Let's imagine flow as below:

Dataset is uploaded through data catalog into the platform. The file is stored on the HDFS
Data scientist does some analysis on it using ATK. The result is also stored on HDFS
Application developer uploads the dataset-reader application into the platform and binds it with the file.
Dataset-reader presents the dataset in a nice form as a set of charts.

Preparing data

You can either use already prepared dataset, ready to be visualised (see: Using pre-built dataset) by the application or go through the whole sample flow and prepare your own dataset using TAP Analytics Toolkit (see: Preparing dataset manually).

Using pre-built dataset

Go to Data catalog page
Select Submit transfer tab
Fill in dataset title and choose local file upload
Select file to upload (sample dataset can be found here: data/nf-data-application.csv)
Alternatively, you can select upload using a link and specify link to raw file on github (i.e. nf-data-application.csv
Submit transfer
When the transfer finishes, a new dataset will be visible in Data catalog
To acquire link to file on HDFS go to the recently created dataset and copy the value of targetUri property.
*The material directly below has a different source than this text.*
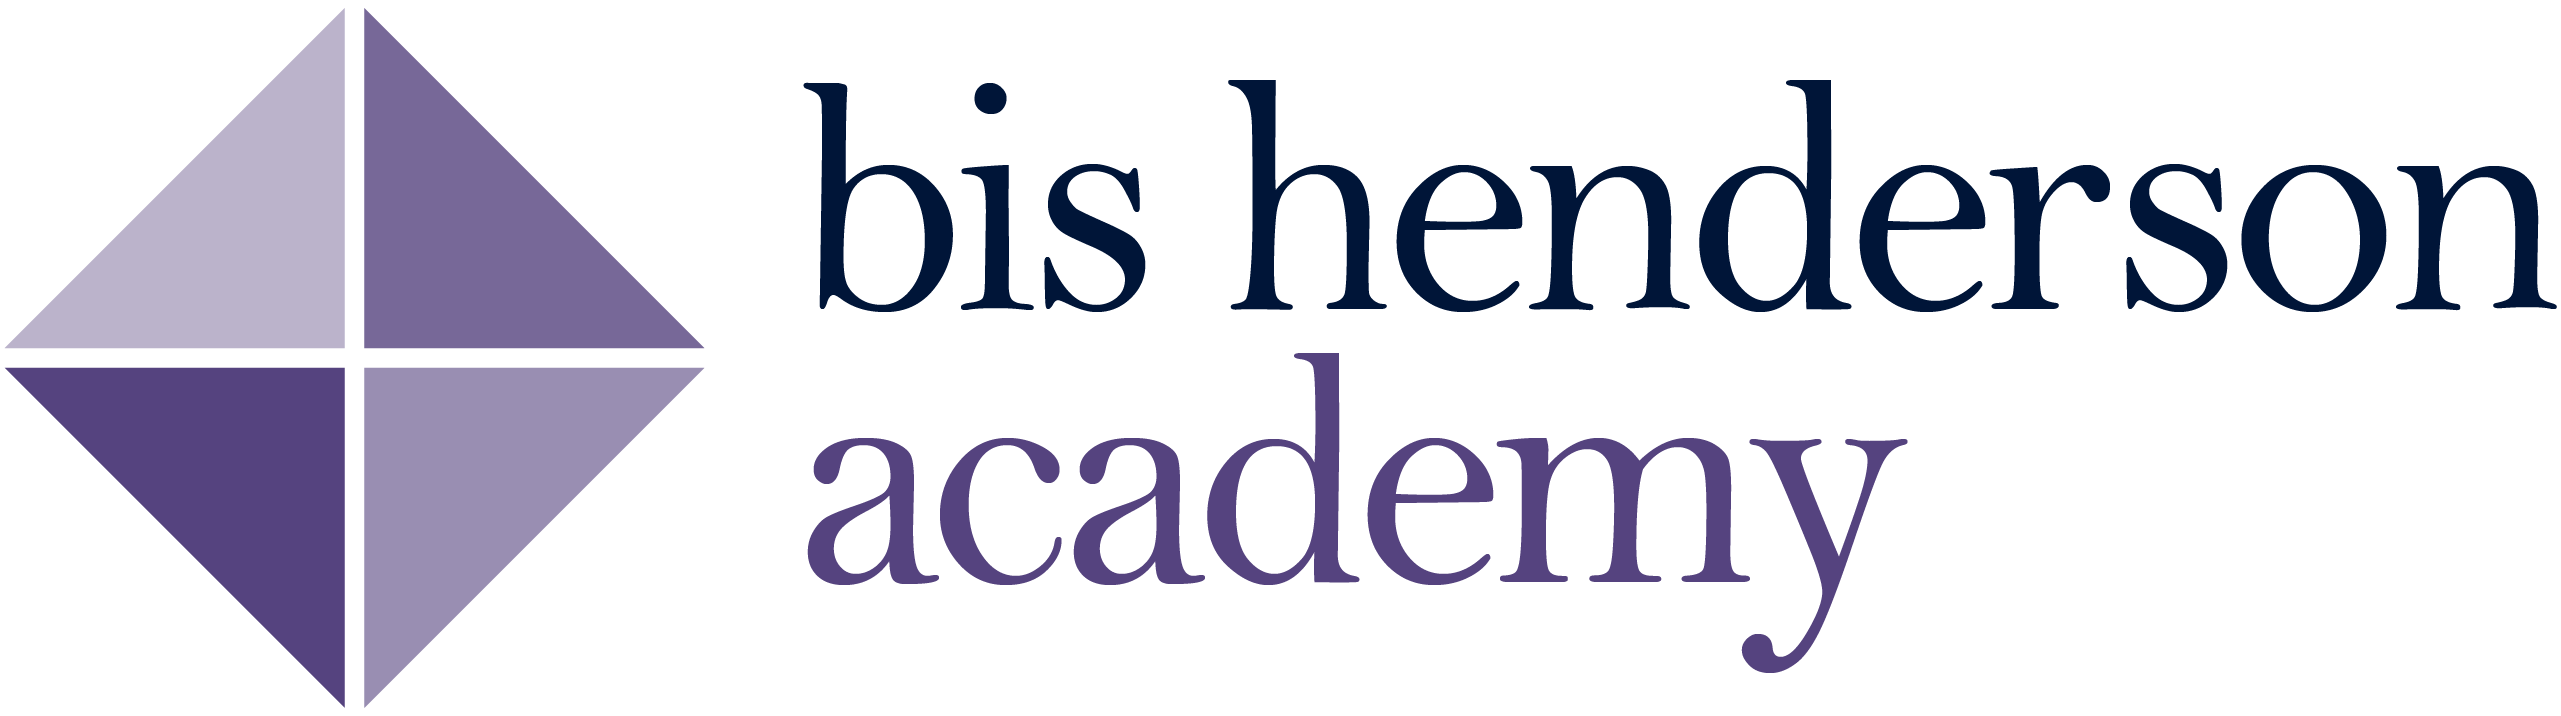 Bis-Henderson Academy Logo
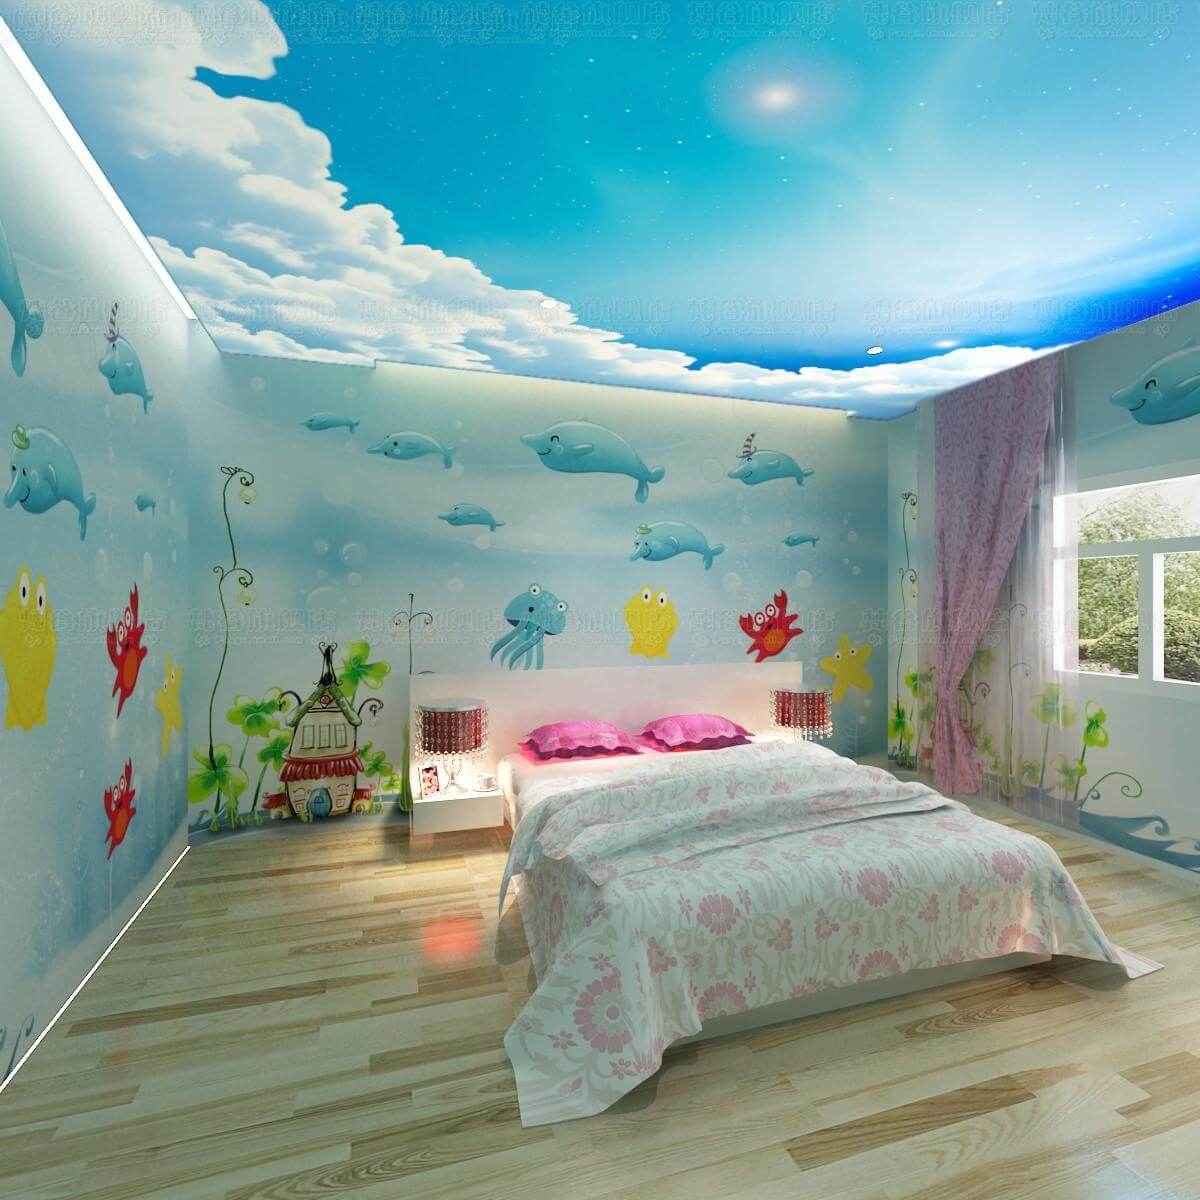 Attractive Kids’ Room Designs

Preparing dataset manually

To prepare the dataset on you own, follow the steps describe in [Workshop Module 1](workshop/Intel Workshop Module 1 Final.pdf)

Deploying application to TAP

Manual deployment

Compilation and running

Clone this repository

git clone https://github.com/trustedanalytics/dataset-reader-sample.git

Compile it using Maven

mvn compile

(Optional) Run it locally passing path to the file

FILE=<path_to_the_file> mvn spring-boot:run -Dspring.profiles.active=local

Pushing to the platform

Make Java package

mvn package

Login and set proper organization and space

cf api <platform API address>
cf login
cf target -o <organization name> -s <space name>

(Optional) Change the application name and host name if necessary in the manifest.yml

name: <your application name>
host: <application host name>

ℹ️ For example, if you set host to "dataset-reader" and your platform URL is "example.com", the application will be hosted under 'dataset-reader.example.com' domain.

Push dataset-reader to the platform

cf push

Application will fail to start anything because it doesn't know which file to serve and how to connect to HDFS.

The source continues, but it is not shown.